Outre la dotation globale et les CPER, opportunément recentrés sur les réhabilitations, se pose évidemment la question de la dévolution du patrimoine. L'expérimentation menée par les universités de Clermont 1, Toulouse 1 et Poitiers paraît, à ce stade, très prometteuse, les équipes universitaires s'étant manifestement emparées avec professionnalisme de ces nouvelles missions. Cependant, son extension ne pourra se faire que progressivement étant donné les coûts que cela représente pour les finances publiques. Je suggère donc une logique à la fois progressive et vertueuse encourageant les universités à rationaliser et mutualiser leurs pôles immobiliers, les prochaines dévolutions étant réservées aux seules COMUE qui auraient préalablement fourni les indispensables efforts de mutualisation. Dans le même esprit, l'accès aux crédits du PIA 3, que j'appelle de mes voeux dans le rapport, pourrait être lié à la dévolution et traduire, via un apport en capital par exemple, la volonté d'aller vers un transfert à moyen terme et d'accompagner ainsi ce changement de modèle.

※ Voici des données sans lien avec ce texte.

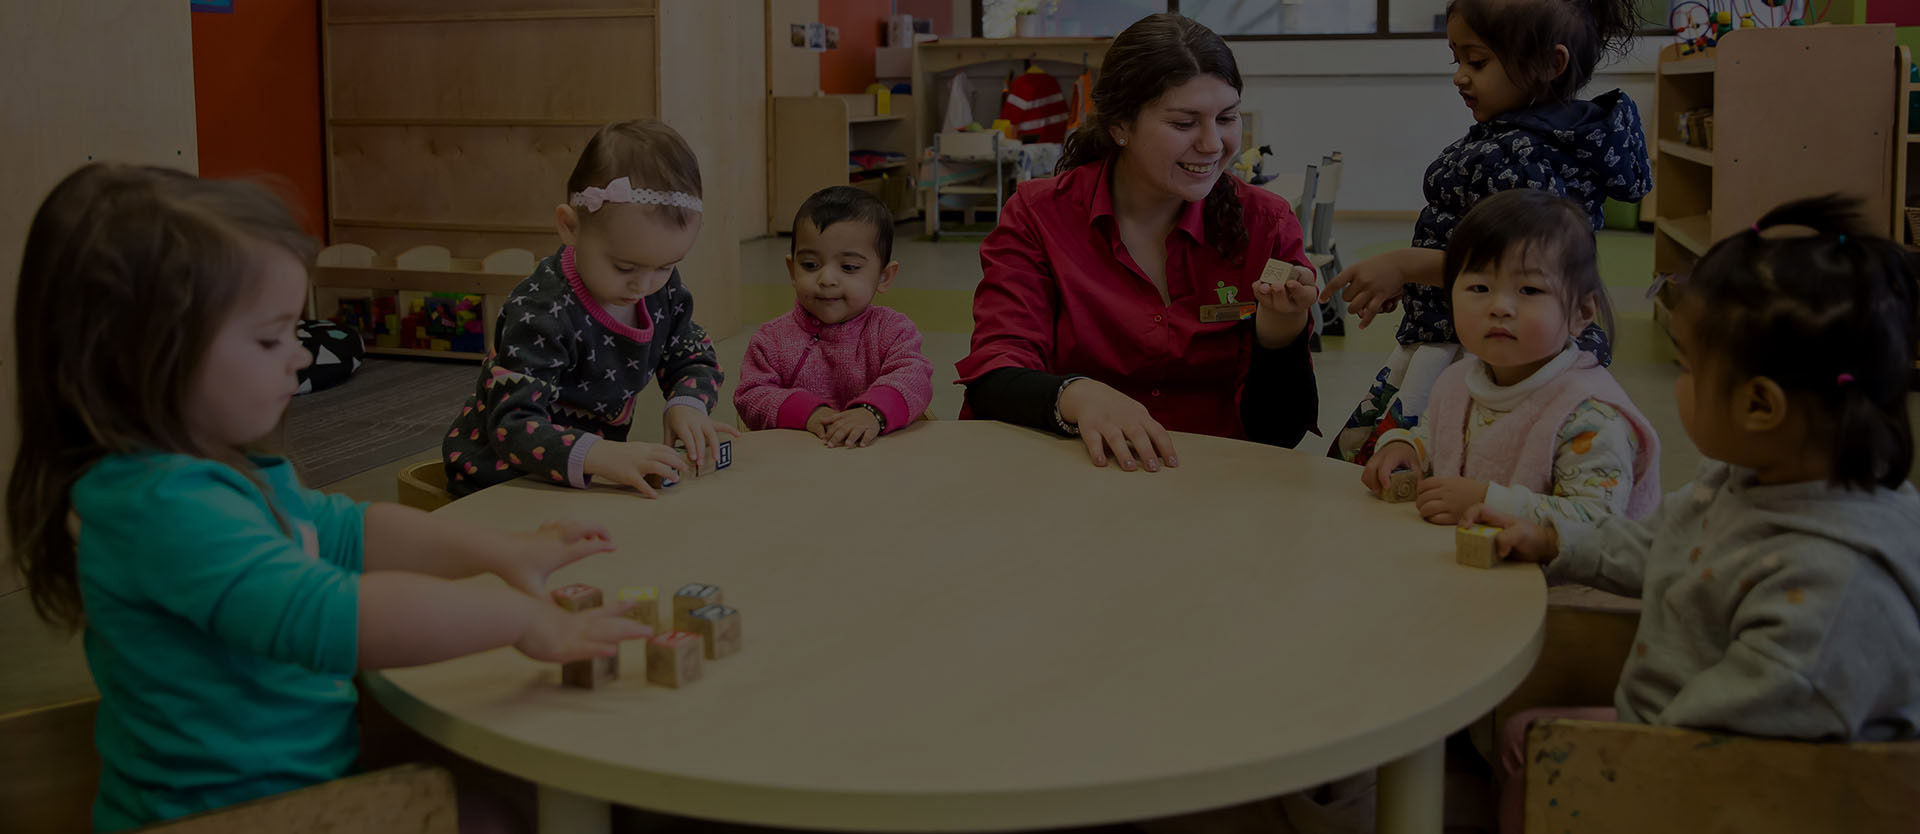 Reggio Emilia Childcare Centres | Enquire Now

Enfin, il faut encourager les universités à faire preuve d'initiative et de créativité pour dégager de plus amples ressources propres, notamment en tirant partie de leur vaste patrimoine pour procéder à des locations temporaires, à des congrès ou à des summer schools, et surtout en s'engageant avec force et conviction dans la mission exaltante de la formation professionnelle. Ainsi participerait-elle pleinement à l'objectif d'élévation du niveau de formation de notre société.
Je suis favorable à l'adoption des crédits de la mission « Recherche et enseignement », sous réserve de l'adoption de l'amendement du Gouvernement qui conforte les 100 millions d'euros du programme 150.